Alumnus Universitas Duisberg Essen, Jerman, itu menerangkan bahwa teror tidak hanya dilakukan dengan meledakkan bom, seperti yang terjadi di Surabaya dan Sidoarjo. Tetapi, teror juga bisa dilakukan dengan pendekatan lain, seperti pemenggalan kepala, penculikan, ataupun lainnya.
Pria yang akrab disapa Mas Dede itu juga mengungkapkan bahwa media penyebaran aksi teror bisa beragam. Dunia maya, katanya, menjadi salah satunya.
Selain sekadar metode, teror juga menjadi satu jalan hidup bagi segenap orang. Al-Qaeda, Mas Dede memberi contoh. Meskipun jumlahnya kecil, tetapi ia mampu membuat gonjang-ganjing dunia internasional dengan aksinya. Mereka disebut sebagai kelompok teroris.

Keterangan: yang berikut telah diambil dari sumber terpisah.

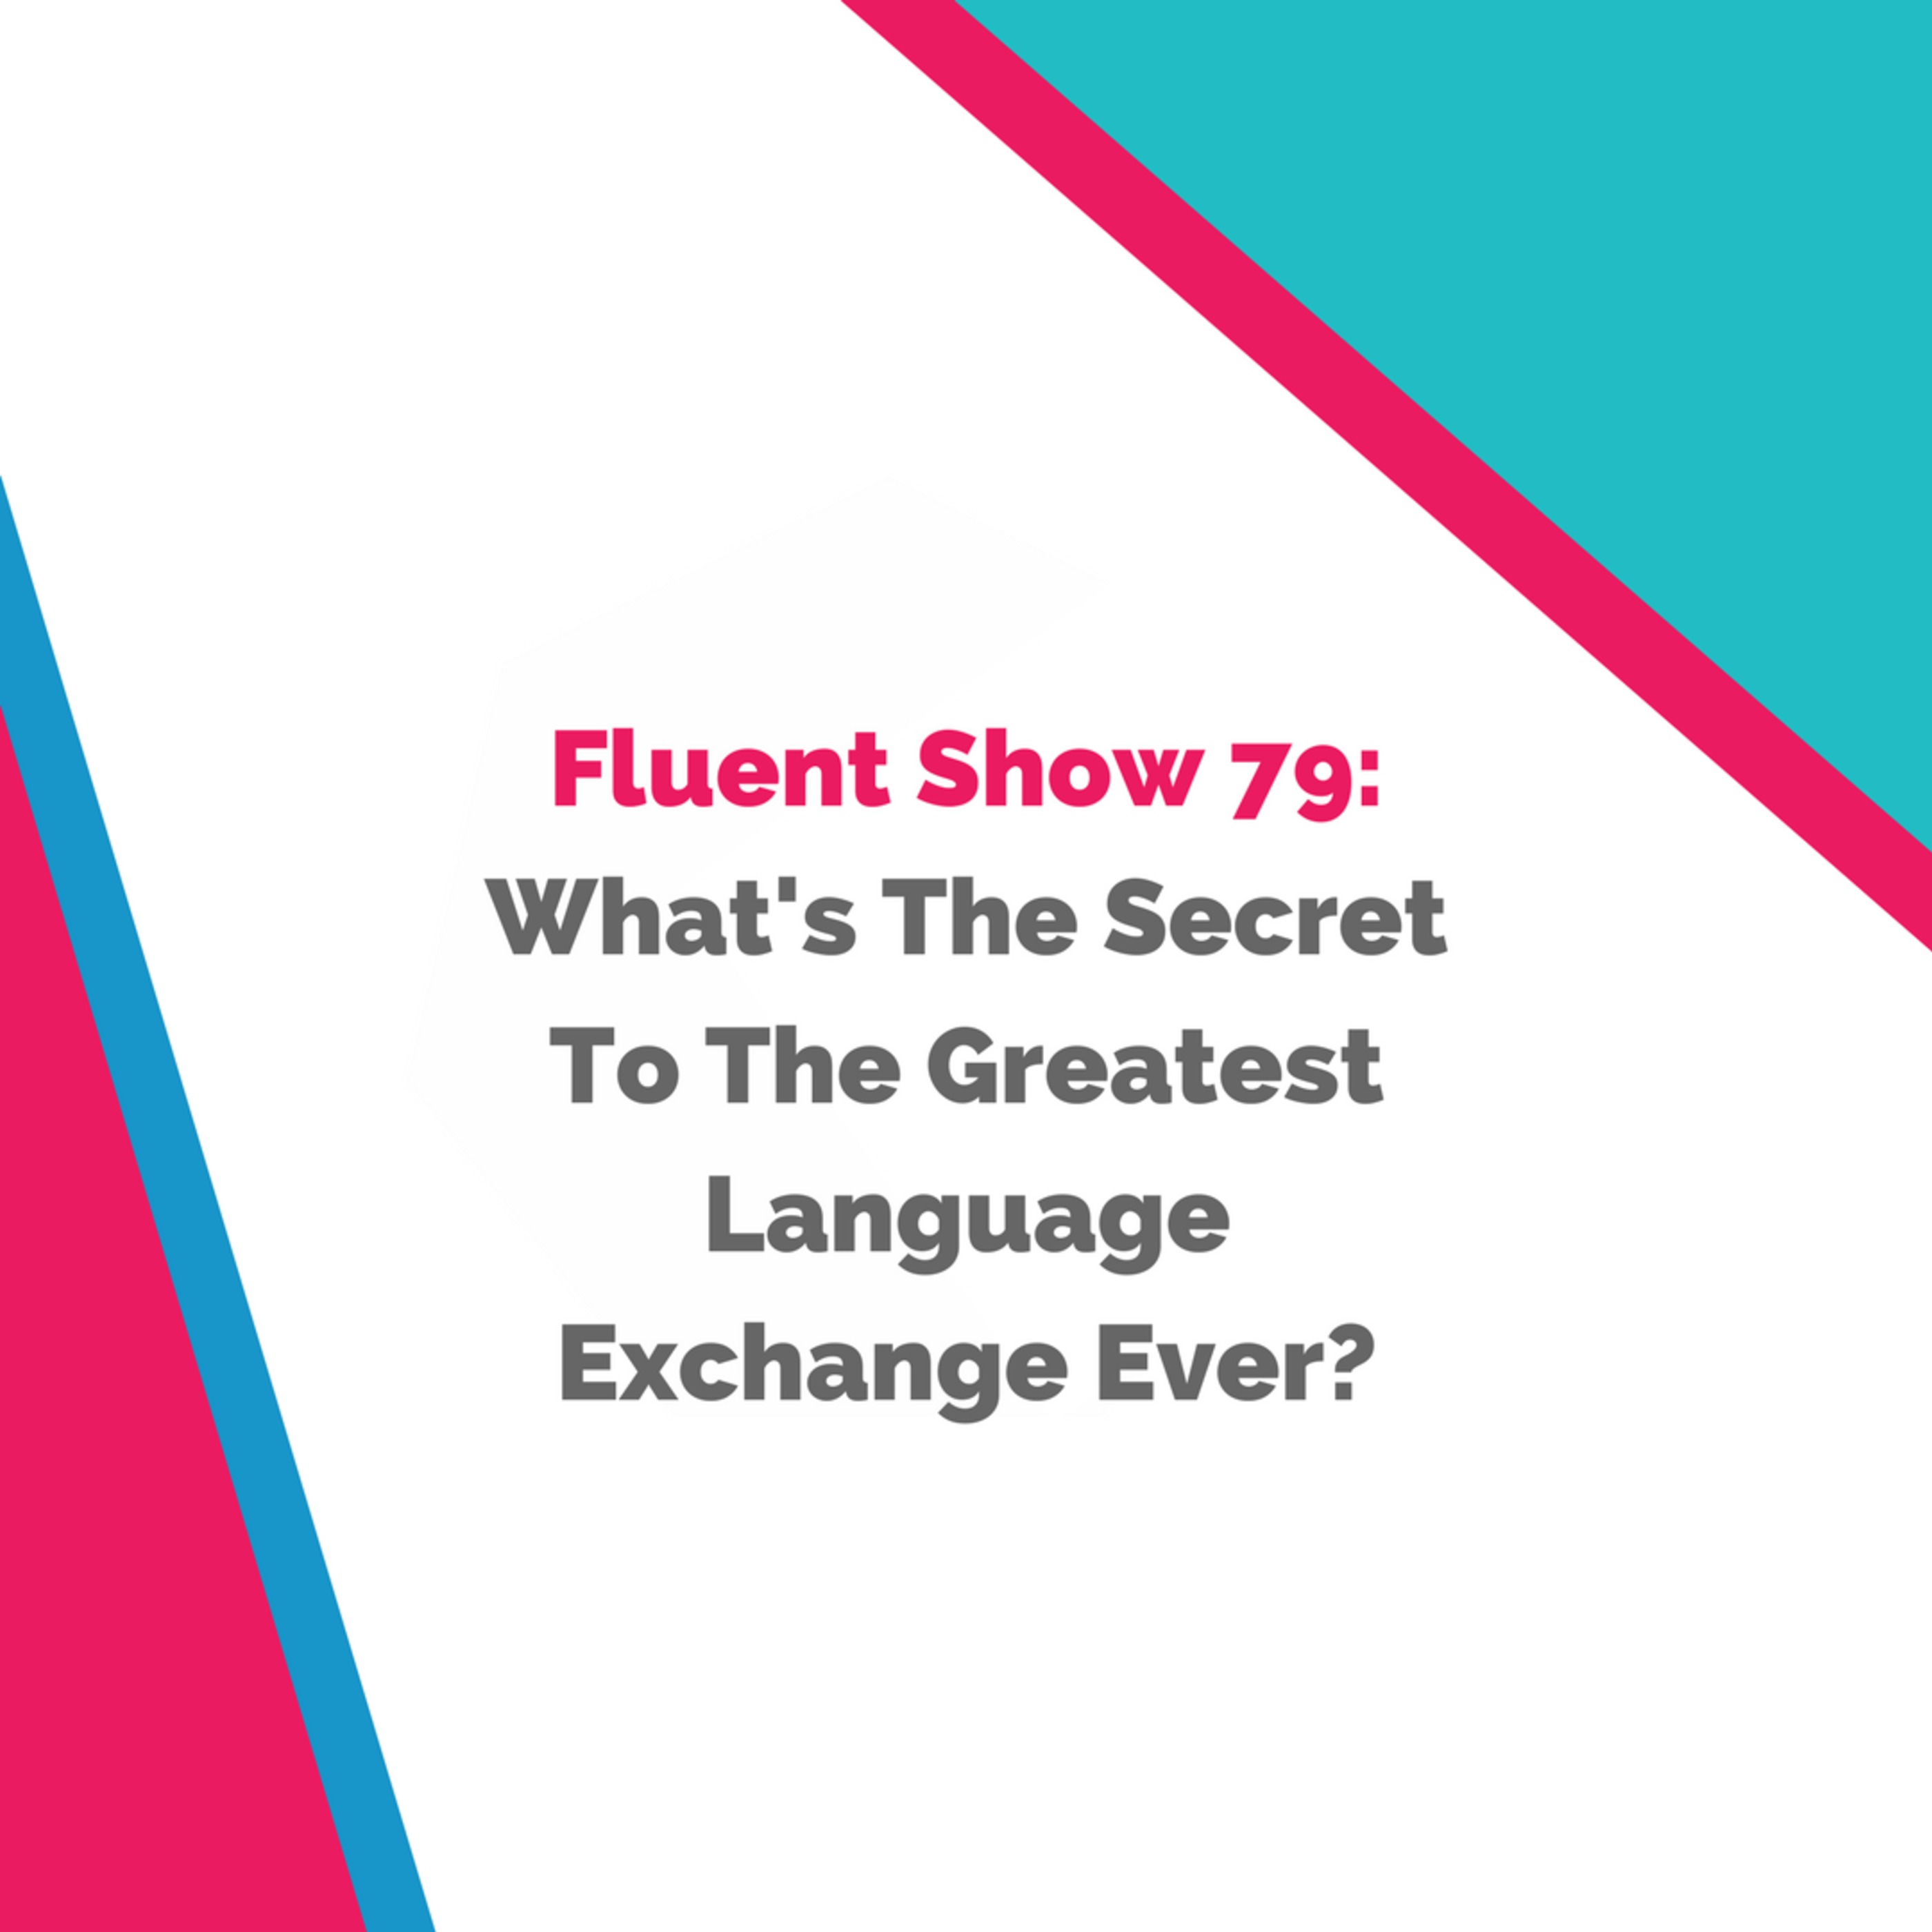 What’s The Secret To The Greatest Language Exchange Ever?

“Kelompok teroris itu sejumlah orang yang menggunakan sebagian hidupnya untuk melakukan aksi-aksi teror,” ujar anggota Bidang Hubungan Internasional Pengurus Besar Pergerakan Mahasiswa Islam Indonesia (PB PMII) itu.
Oleh karena itu, menurutnya, perlu dibedakan antara kelompok teroris dengan orang atau kelompok yang hanya menggunakan teror sebagai metode.
Melihat rangkaian peristiwa teror yang terjadi dalam rentang waktu sepekan itu, ia menyatakan banyak spekulasi sehingga timbul prasangka dan saling curiga. Oleh karenanya, Mas Dede meminta untuk menanti hasil penyidikan kepolisian guna mengetahui pelaku dan peristiwa sebenarnya.
“Ya, yang terjadi sekarang tinggal lihat penyidikan polisi saja,” pungkasnya.